PROBLEM DETAILS
Give again only the lines from the line that holds "WONGS BEDDING Smooth, Comfortable" to the end of the data, inclusive, omitting all pictures.

Collected data:
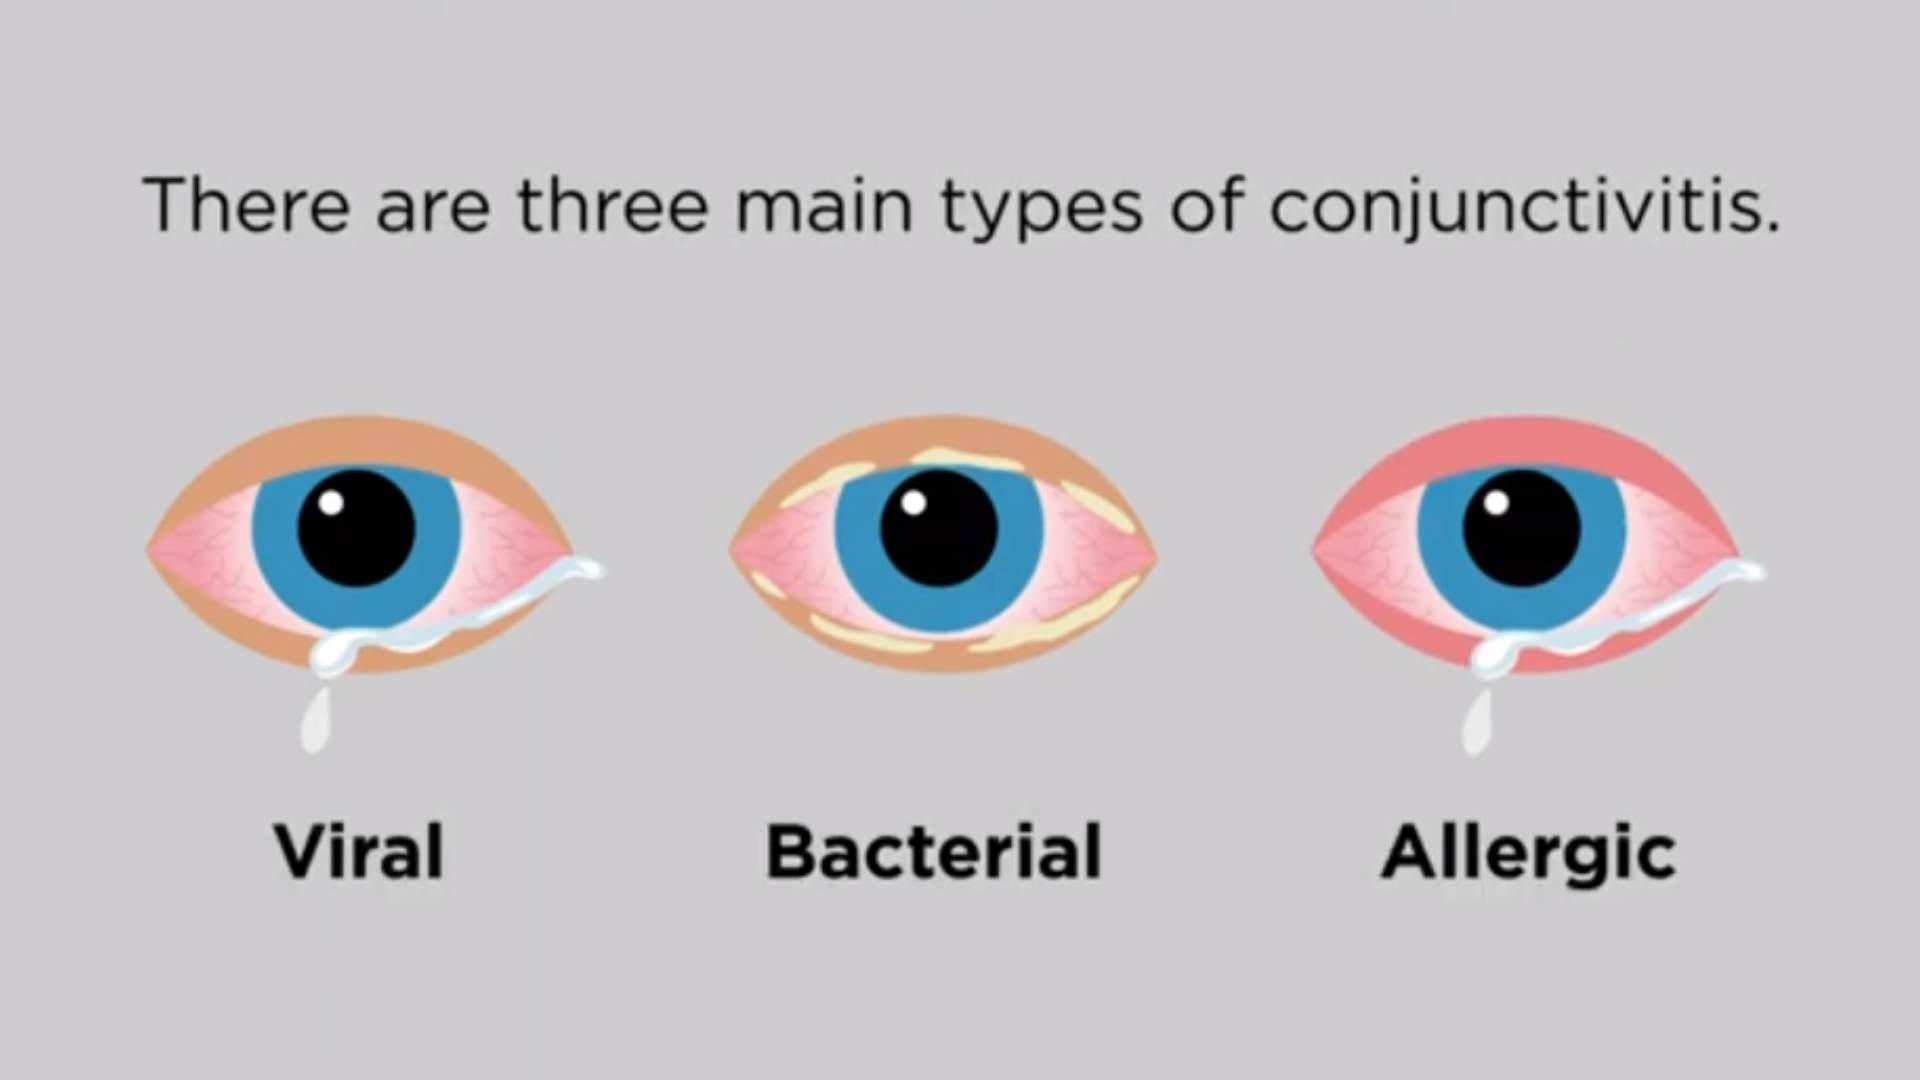 What are the main Types of Conjunctivitis?
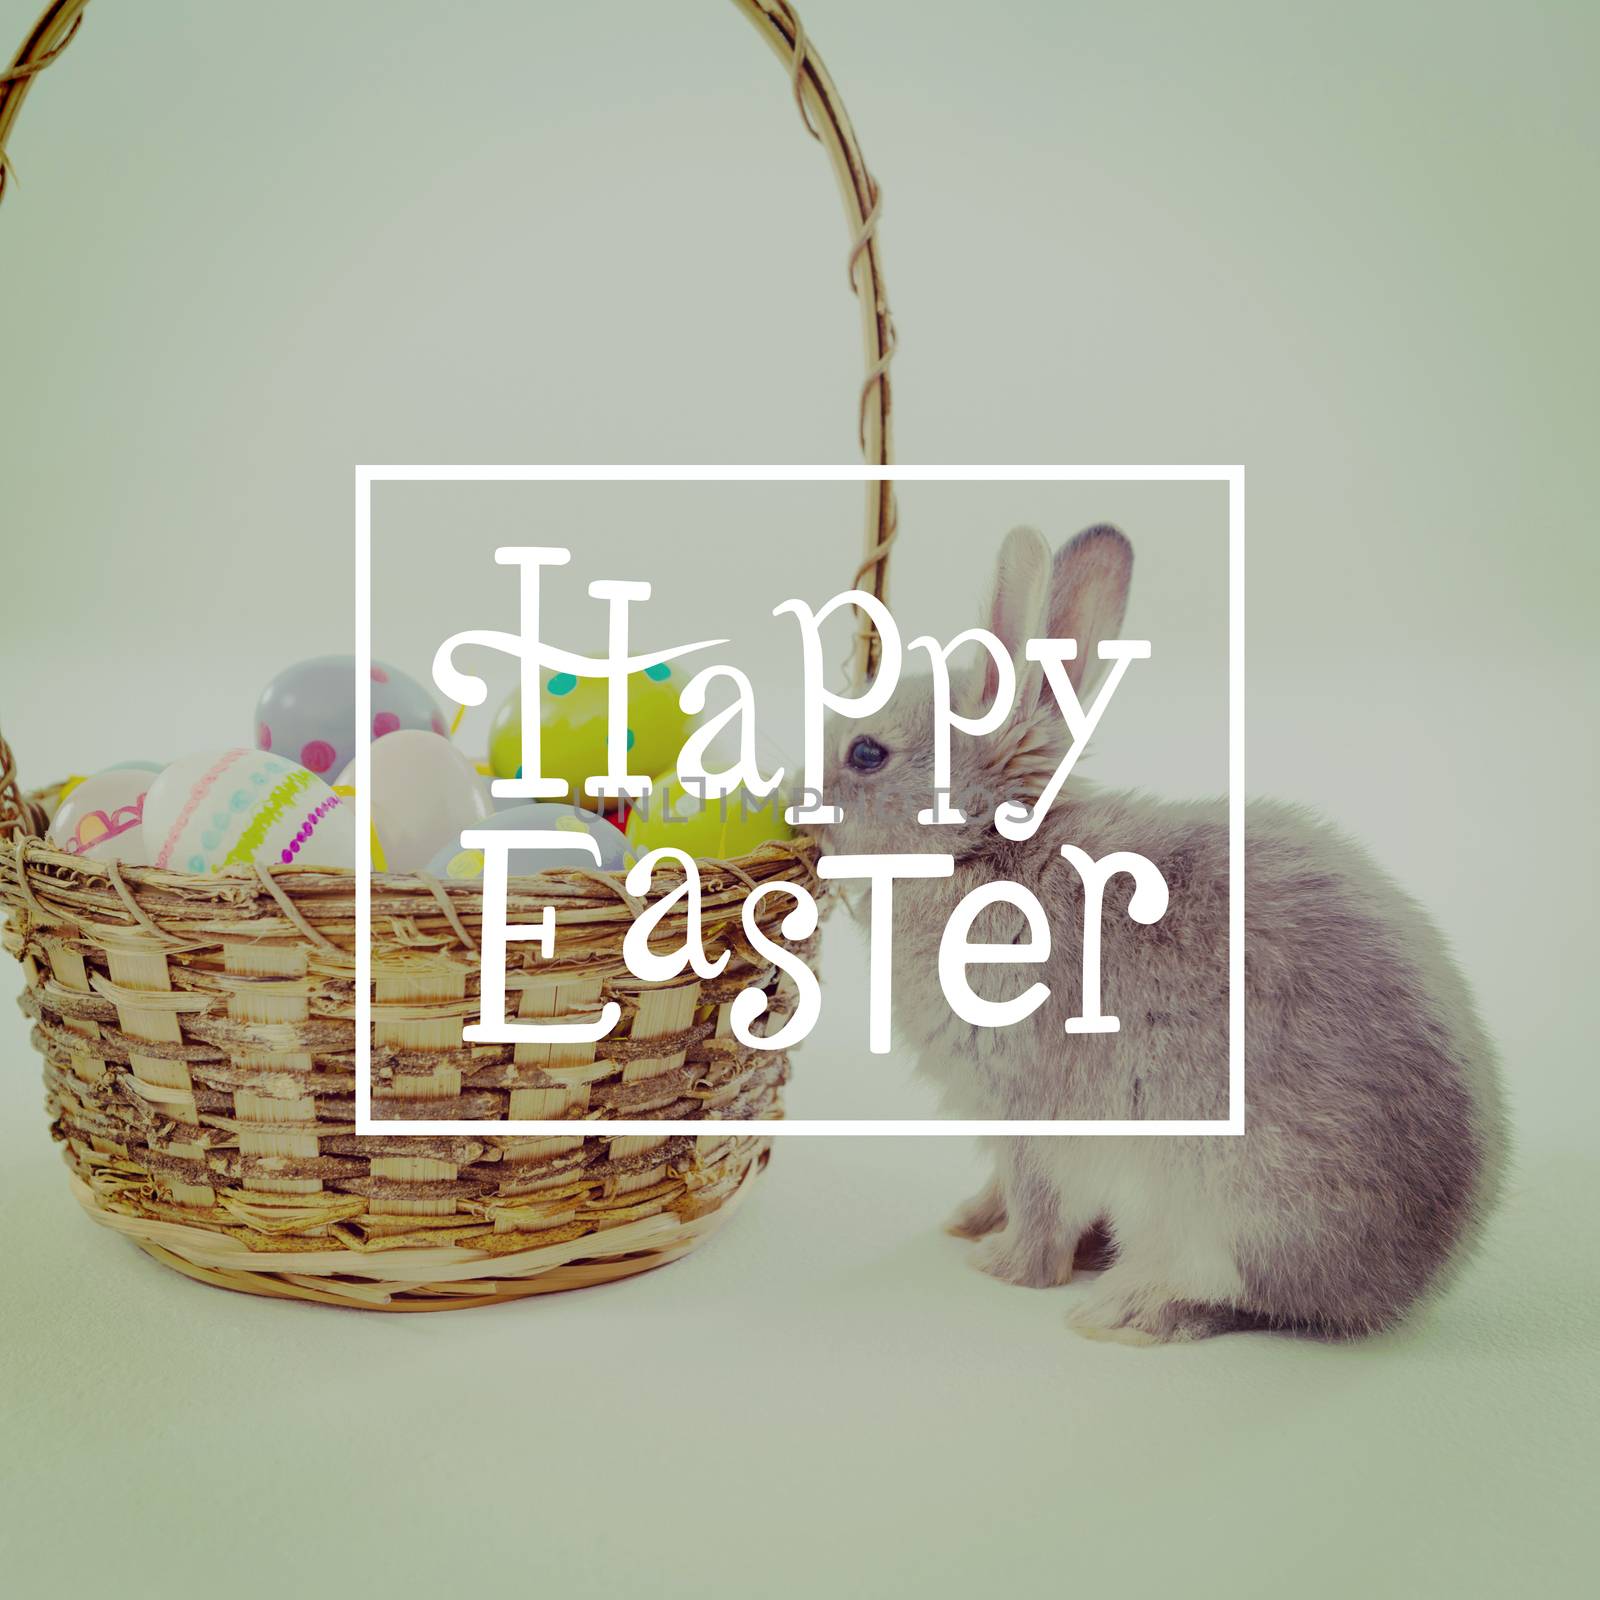 Composite image of happy easter by Wavebreakmedia
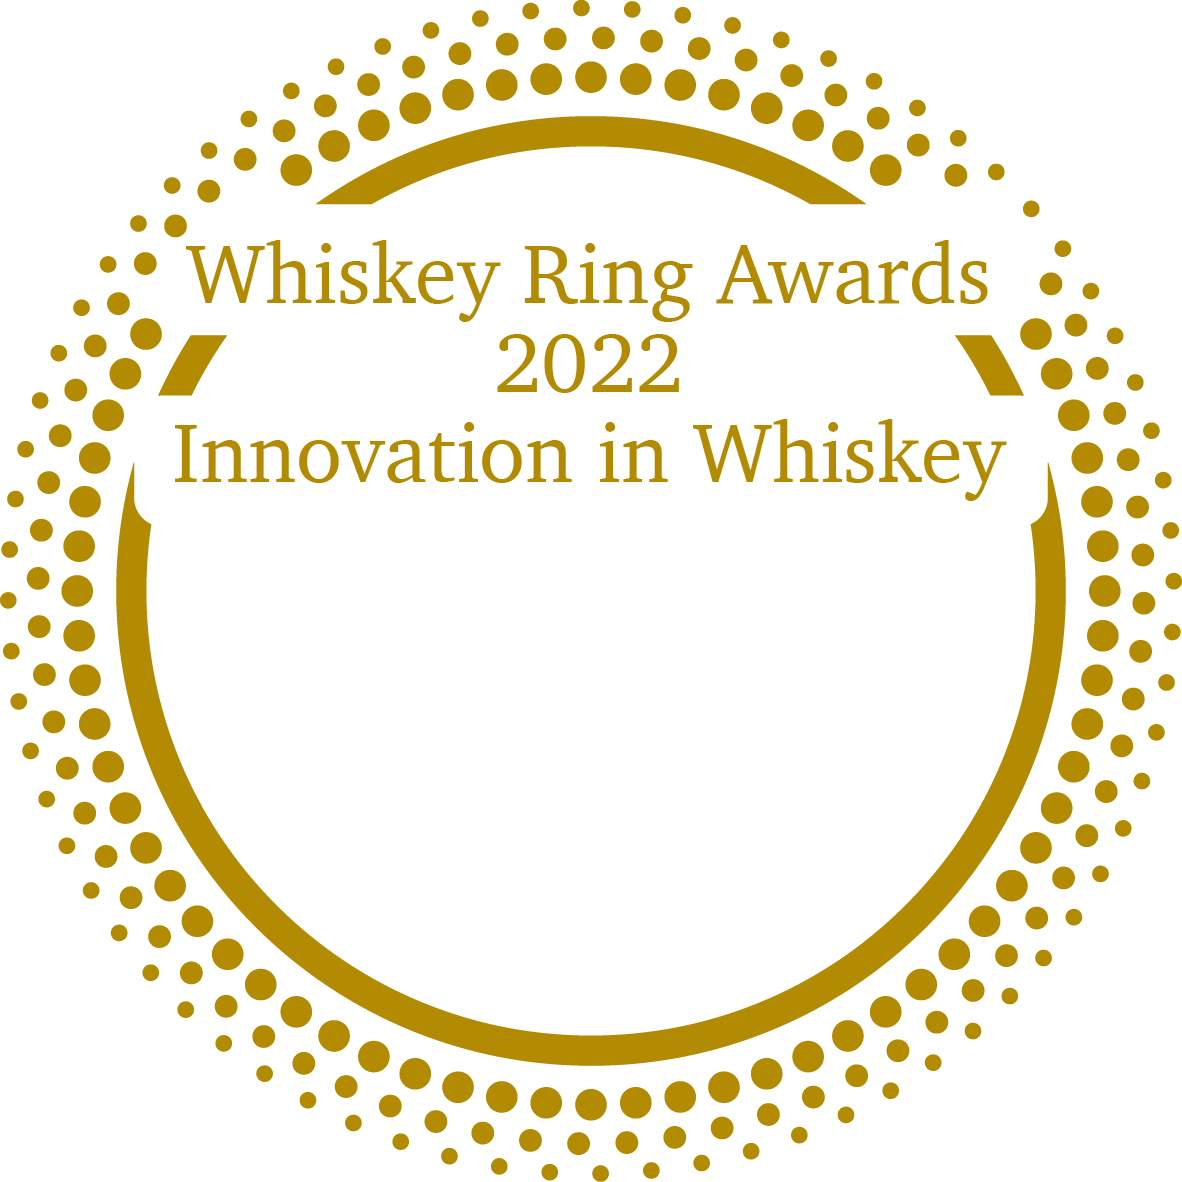 Innovation In Whisky
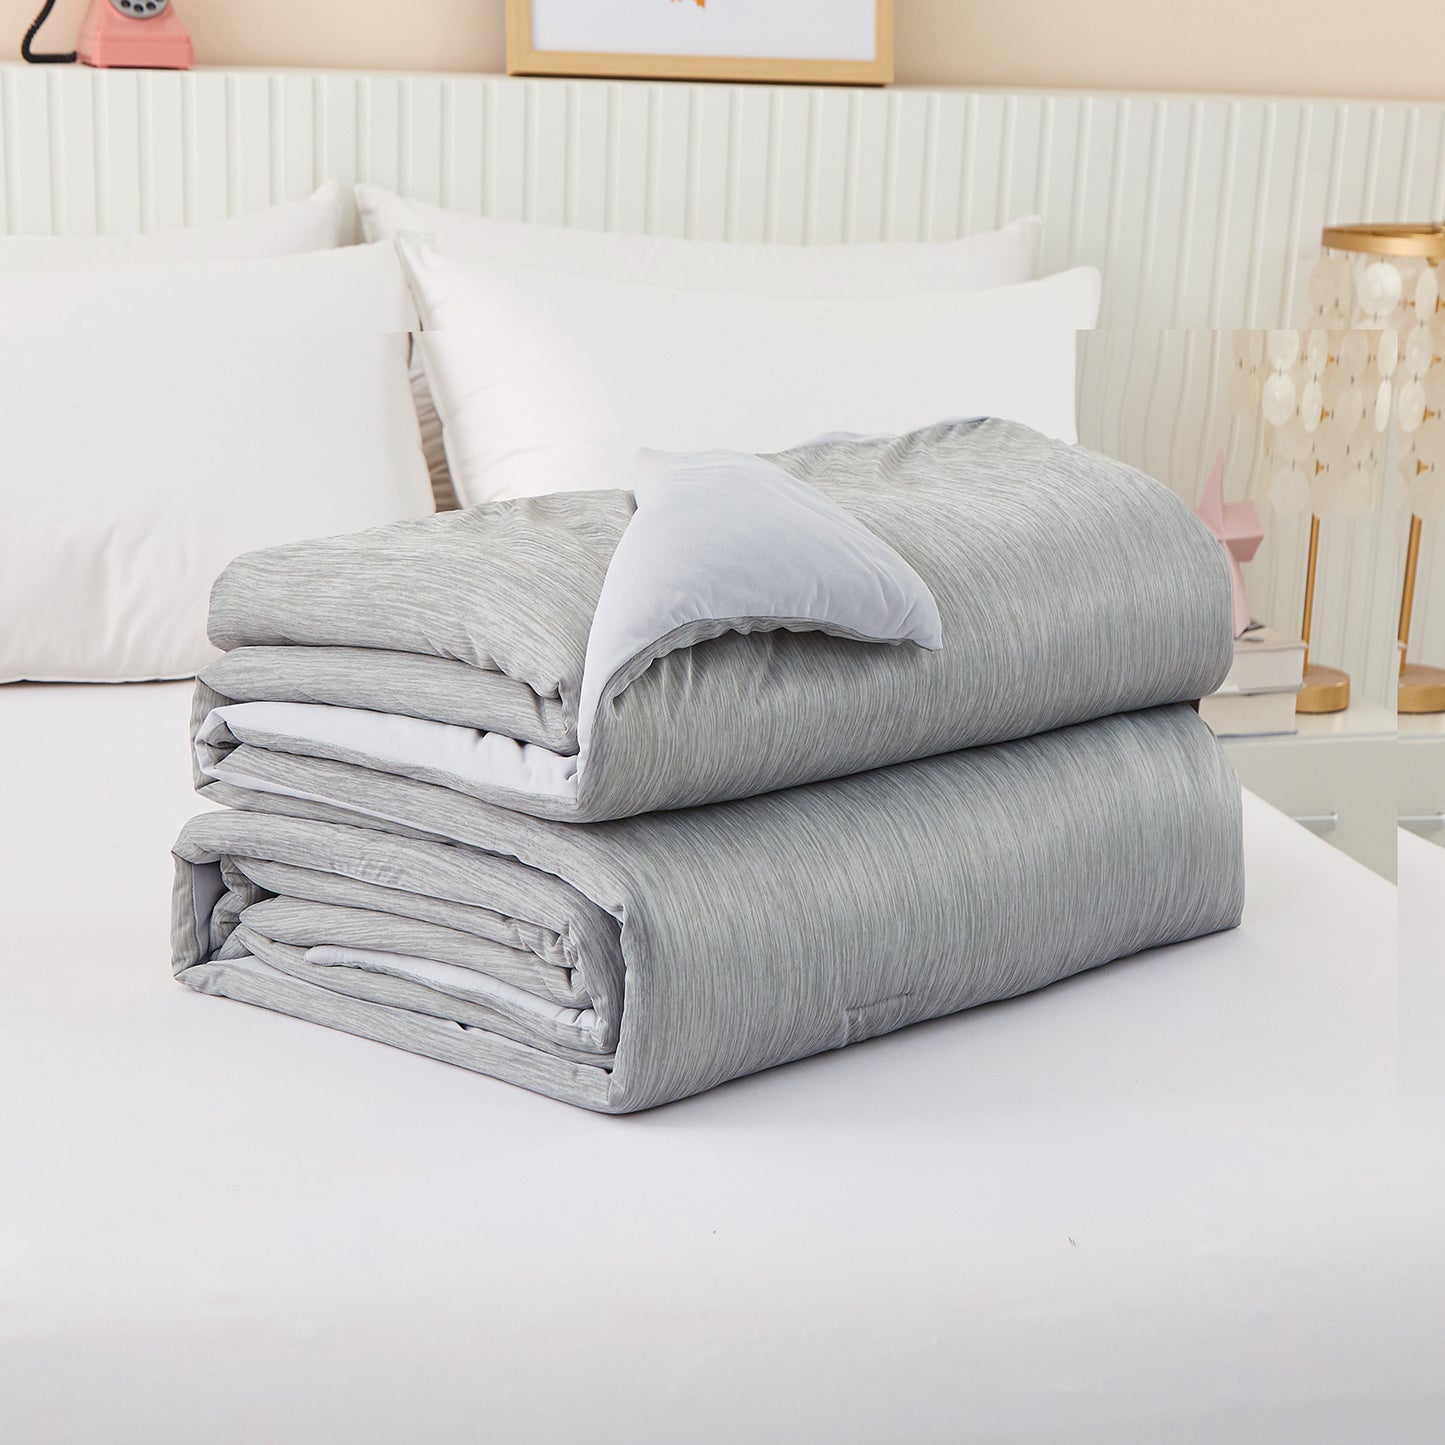 WONGS BEDDING Smooth, Comfortable and Cooling Duvet Cover
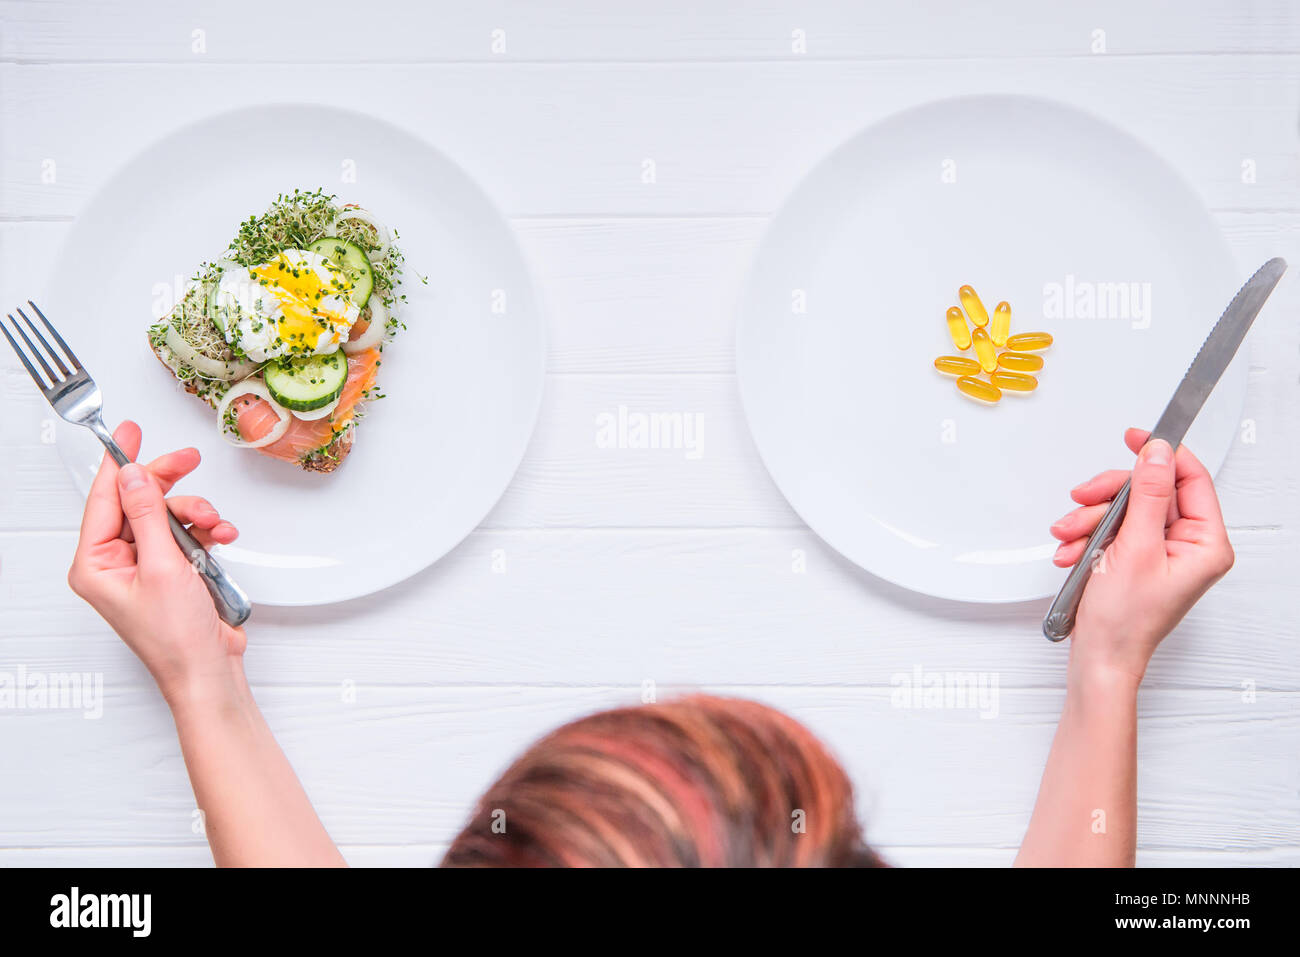 Top view woman with cutlery in hands choosing between healthy food or medical pills on the white plates and wooden table. Choice between natural and synthetic way of health care. Alternative medicine. Stock Photo

RESULT FOR THIS TASK
 WONGS BEDDING Smooth, Comfortable and Cooling Duvet Cover
 Top view woman with cutlery in hands choosing between healthy food or medical pills on the white plates and wooden table. Choice between natural and synthetic way of health care. Alternative medicine. Stock Photo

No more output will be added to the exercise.